Bitcoin dengan demikian meninggalkan raksasa seperti Amazon (AMZN) dan Google (GOOG); hanya tertinggal di belakang raksasa teknologi seperti Apple (AAPL), Microsoft (MSFT) dan Nvidia (NVDA) serta emas yang diperkirakan bernilai sekitar 22 triliun dolar.
Gerakan harga BTC yang kuat di sekitar 110.000 dolar didukung oleh pembelian intensif dari semua kelompok investor, mulai dari paus hingga investor individu. Suasana positif di pasar ini diinterpretasikan sebagai tanda bahwa Bitcoin semakin diterima di dunia keuangan tradisional.

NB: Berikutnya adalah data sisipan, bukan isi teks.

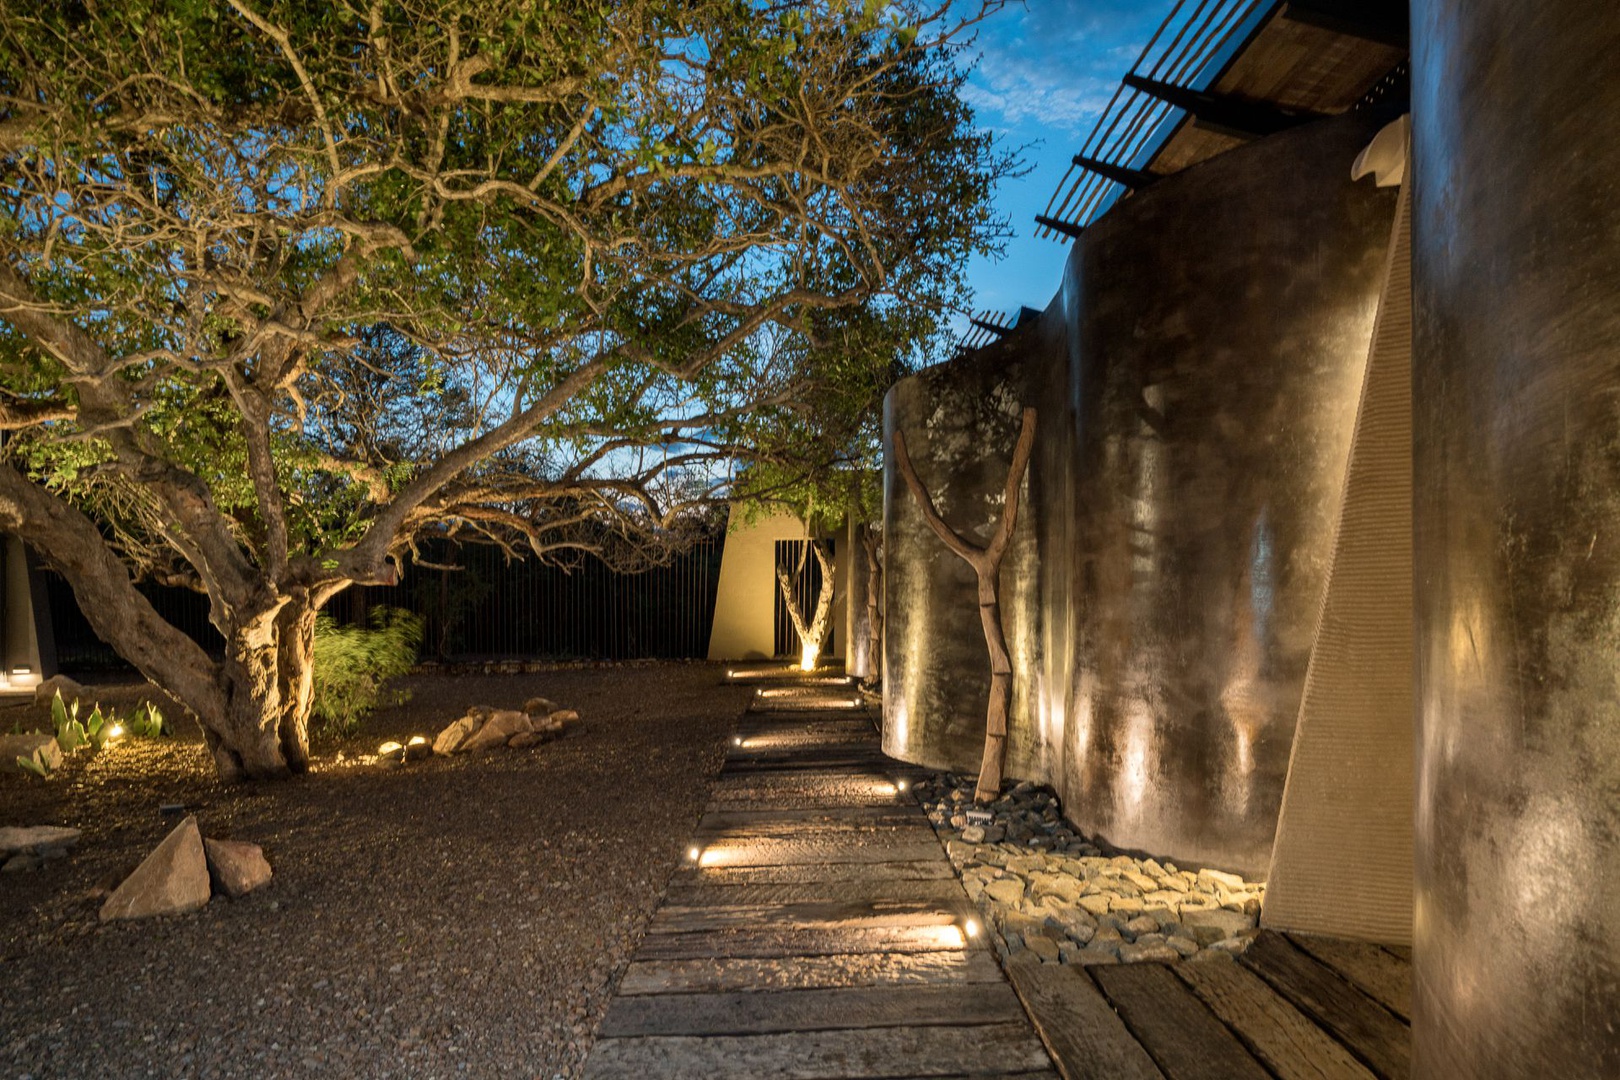 N’Wambu Safari Lodge : Where the Tree Whispers by the River

Menjelang akhir masa opsi bulan Mei, sebagian besar investor telah mengambil posisi pada opsi call di level 110.000 dolar. Sementara itu, pada opsi berjangka Juni, terdapat konsentrasi posisi call di level 200.000 dan 300.000 dolar. Ini menunjukkan harapan pasar bahwa potensi kenaikan akan terus berlanjut.
Di bidang ekonomi makro, Bitcoin secara jelas terpisah dari aset tradisional. Dalam lima hari terakhir, BTC naik 5%, sementara S&P 500 kehilangan lebih dari 1% nilai. Korelasi negatif ini menunjukkan bahwa Bitcoin menonjol sebagai alat perlindungan “hedge makro” terhadap fluktuasi ekonomi.